First, let us take Amazon’s Elastic Load Balancing (ELB) offering, and evaluate its cost implications. Let us assume you have an application that sends/receives 25Mbps of traffic on average. It will cost you $0.008/GB * 25Mbps * 3600 sec/hour = $0.09/hour, already more than the cost of a small EC2 Linux instance in N. Virginia. The cost makes it unsuitable for most applications. If your application does not have a lot of traffic, ELB makes sense economically. But for that small amount of traffic (< 25Mbps), you most likely do not need a load balancer. We have run performance studies based on the SpecWeb benchmark — a suite of benchmarks designed to simulate realistic web applications. Even for the most computation intensive benchmark in the suite (the banking benchmark), a small EC2 instance can handle 60Mbps of traffic. A slightly larger c1.xlarge instance is able to process 310Mbps. This means that even if you application is 10 times more CPU intensive per unit of traffic, you can still comfortably host it on a c1.xlarge instance. If you application has a larger amount of traffic (> 25Mbps), it is more economical to roll you own load balancer. In our test, a small EC2 instance is able to forward 400Mbps traffic even for a chatty application with a lot of small user sessions. Based on the current pricing scheme, ELB only makes sense if your application is very CPU intensive, or if the expected traffic fluctuates widely. You can refer to our benchmarking results (CloudCom paper section 2) and calculate the tradeoff based on your own application’s profile.

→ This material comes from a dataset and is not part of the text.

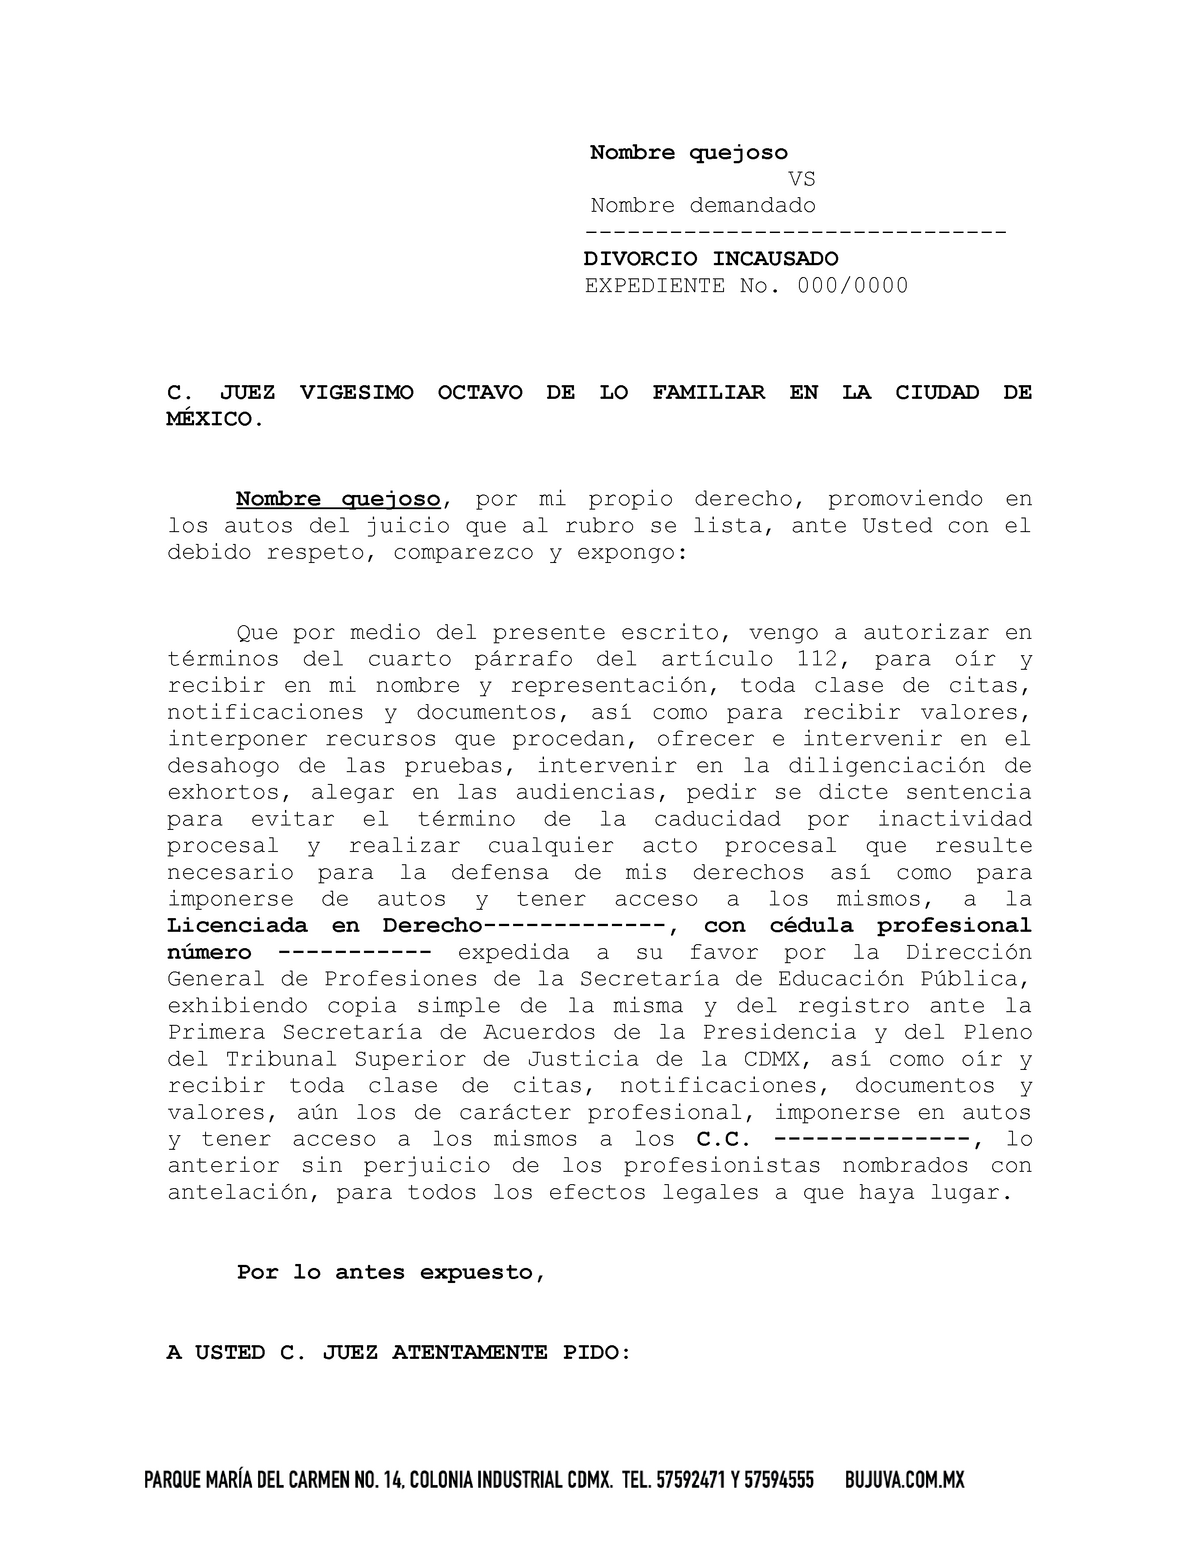 Escrito Autorizacion Abogado y personas autorizadas - Nombre quejoso VS  Nombre demandado - DIVORCIO - Studocu

Second, we have to look at the performance a load balancing solution can deliver. You cannot simply assume a solution would deliver the performance requirement until you test it out. For example, Google App Engine (GAE) promises unlimited scalability, where you can simply drop your web application and Google handles the automatic scaling. Alternatively, you can run a load balancer in Google App Engine and load balance an unlimited amount of traffic. Even though it sounds promising on paper, our test shows that it cannot support more than 100 simultaneous SpecWeb sessions (< 5Mbps) due to its burst quota. To put this into perspective, we are able to run tests that support 1,000 simultaneous sessions even on a small Amazon EC2 instances. We worked with the GAE team for a while trying to resolve the limitation, but we were never able to get it working. Others have noticed its performance limitation as well . Note that this happened between Feb. and Apr. of 2009, so its limit may have improved since then.

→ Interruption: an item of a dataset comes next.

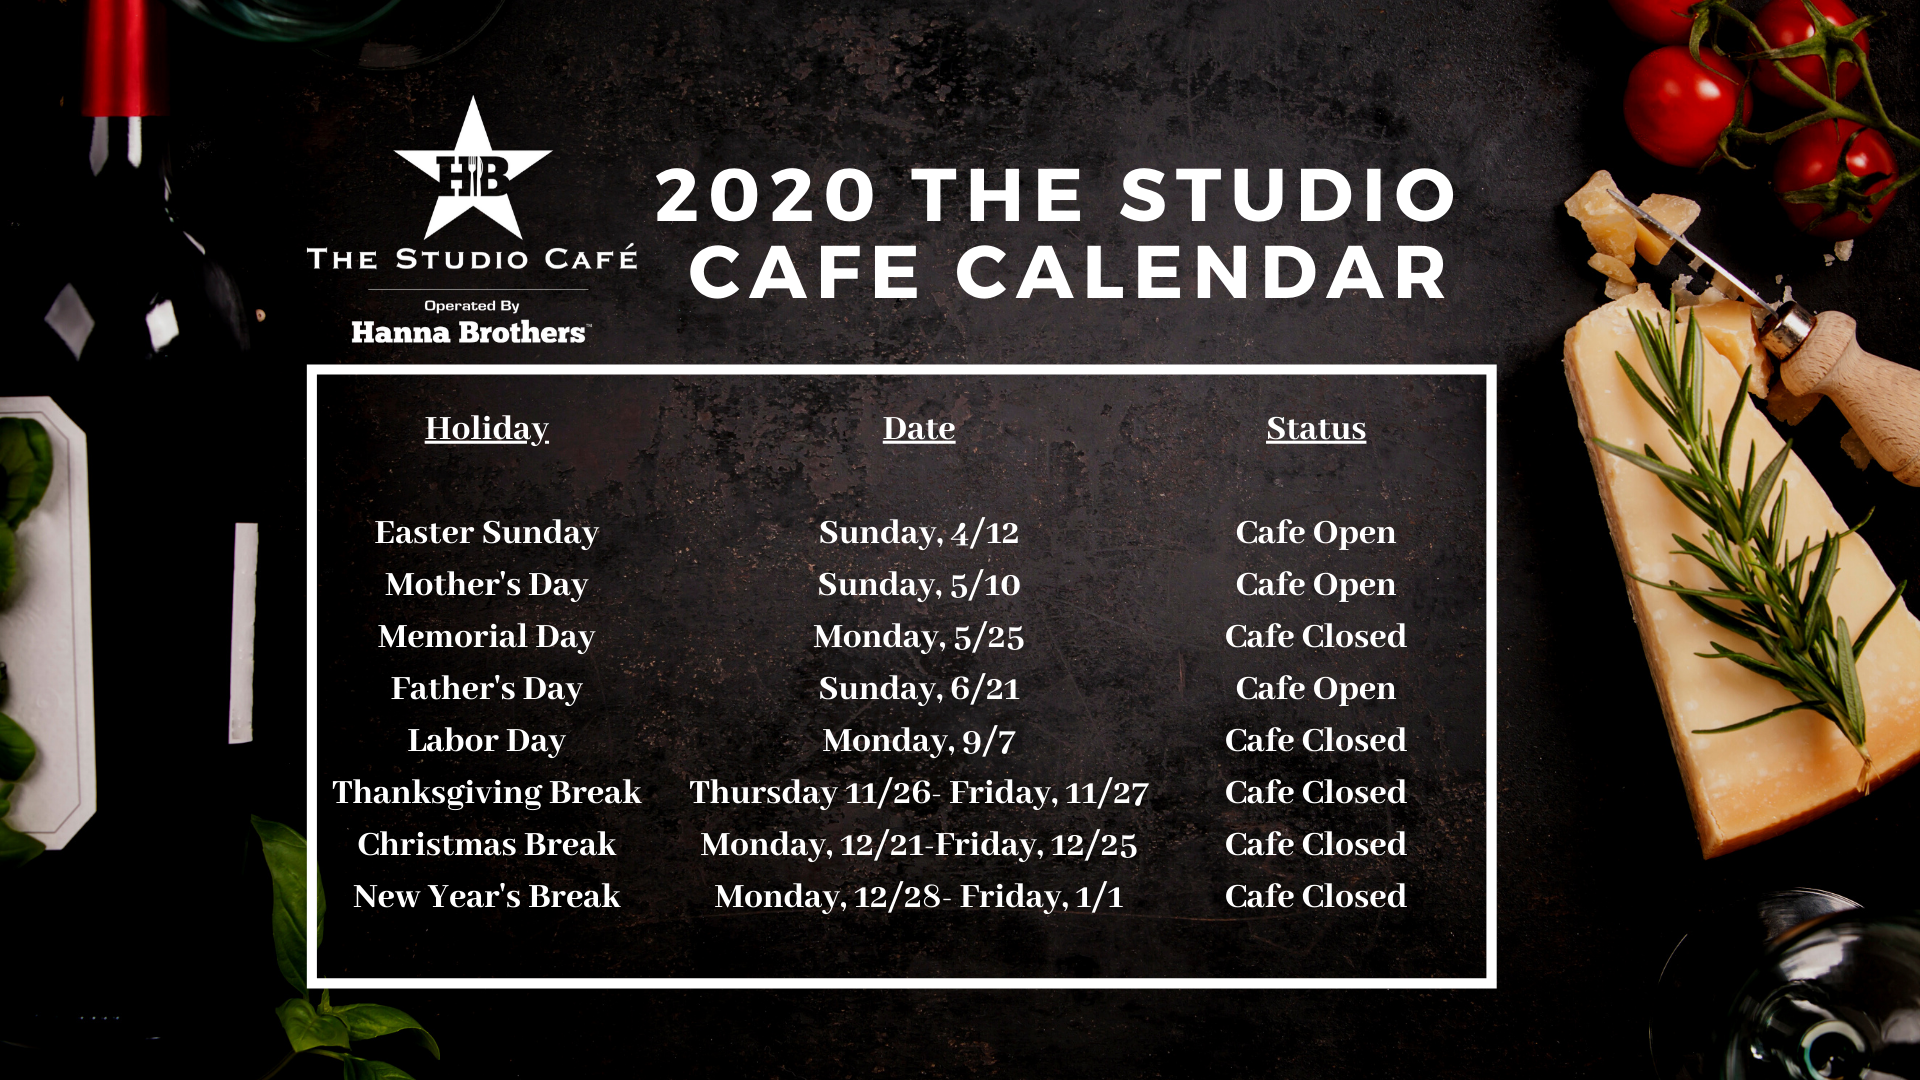 http://hbstudiocafe.com/wp-content/uploads/2020/02/the-studio-cafe-calendar-14.png

The two examples illustrate that you have to do your homework to understand both the cost and performance implications. You have to understand your application’s profile and conduct performance studies for each potential solution. Although setting up performance testing is time consuming, fortunately, we have done some leg work already for the common solutions. You can leverage our performance report (section 2 of our CloudCom paper). We have set up a fully automated performance testing harness, so if you have a scenario not covered, we will be happy to help you test it out.

The two examples also illustrate that you cannot rely on a cloud provider’s solution. In many cases, you still need to roll your own load balancing solution, for example, by running a software load balancer inside a cloud VM. The existing software load balancers differ in design, and hence their performance characteristics. In the following, we discuss some tradeoffs in choosing the right software load balancer.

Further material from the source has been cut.